When María* received the email from her boss, nothing about it felt unusual.
She was working remotely that day from her apartment in São Paulo when the message arrived. Her manager said he couldn’t access his work email while travelling and needed some internal documents resent urgently from her personal address instead. There was also a request for login credentials to a shared platform the company used for vendor management. Since that week had been hectic and the company had been onboarding new vendors, the timing made sense.
Even the language and email signature looked legitimate. So María sent the files.
Nothing happened immediately.
But days later, the financial services company she worked for began detecting unusual activity across parts of its internal systems. Employee credentials had been compromised. Suspicious login attempts were appearing across multiple accounts. By the time the company's IT team traced the breach back to the original email, attackers had already spent days quietly moving through sections of the company’s network.
Situations like this are becoming more common in most African and Latin American countries, where millions of people are integrating into the digital ecosystem at breakneck speed.

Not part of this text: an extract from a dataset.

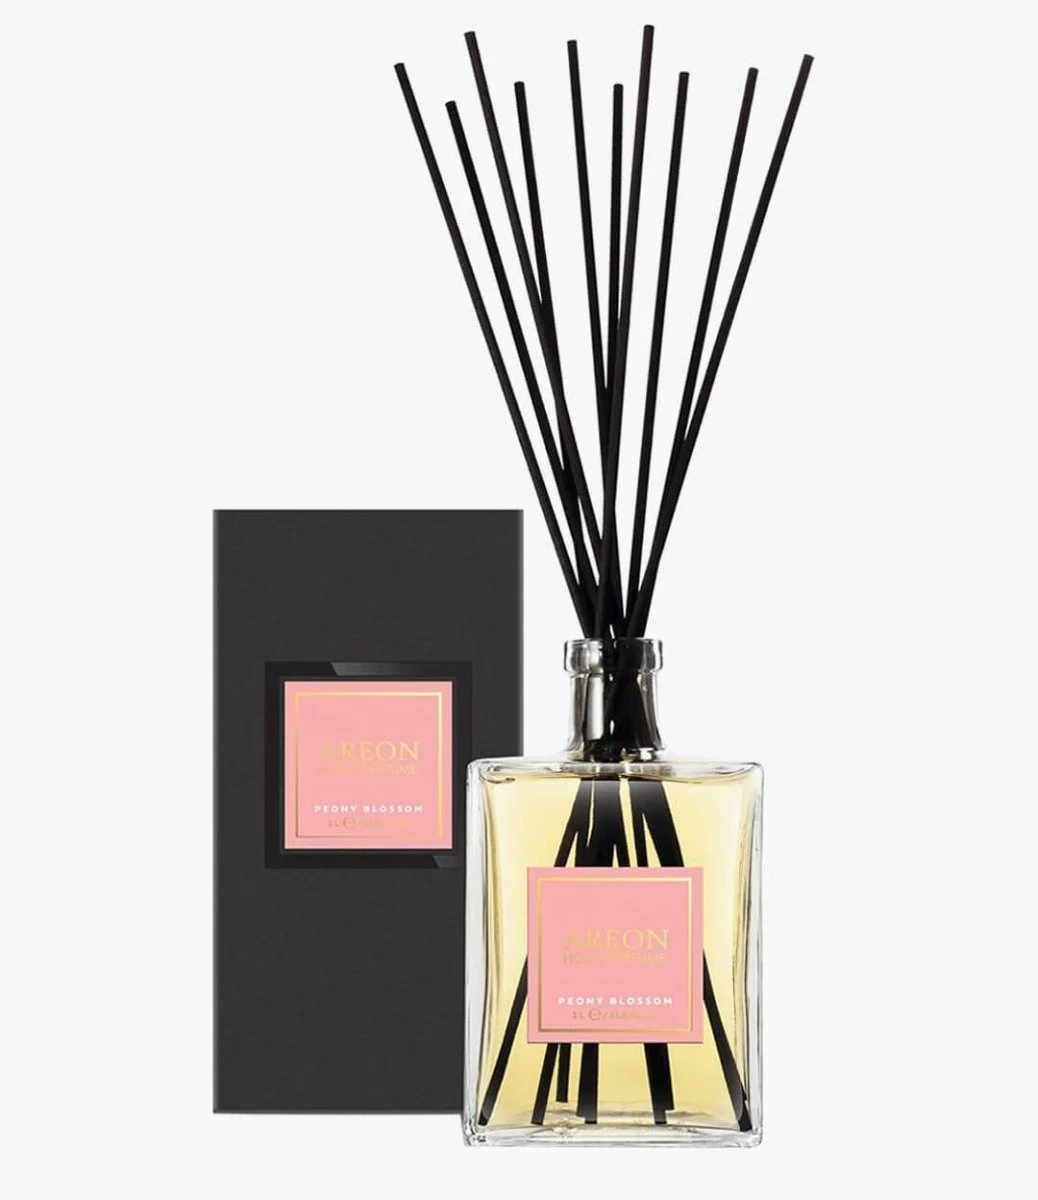 Areon Home Perfumes 1 litter Premium Peony Blossom

Every day, organisations across both regions face waves of credential attacks, ransomware attempts, phishing campaigns, API abuse, and automated scans probing for weak points. Some are opportunistic. Others are highly targeted. But many go undetected for weeks or months.
The numbers don’t tell the full story
When reports emerged earlier this year claiming Nigerian organisations were experiencing over 4700 cyberattack attempts every week, the numbers sounded alarming. But to Samuel Afolabi, a principal cybersecurity consultant advising organisations across financial services, fintech, healthcare, government, and technology sectors across Africa and North America, the figures were less shocking than what they represented.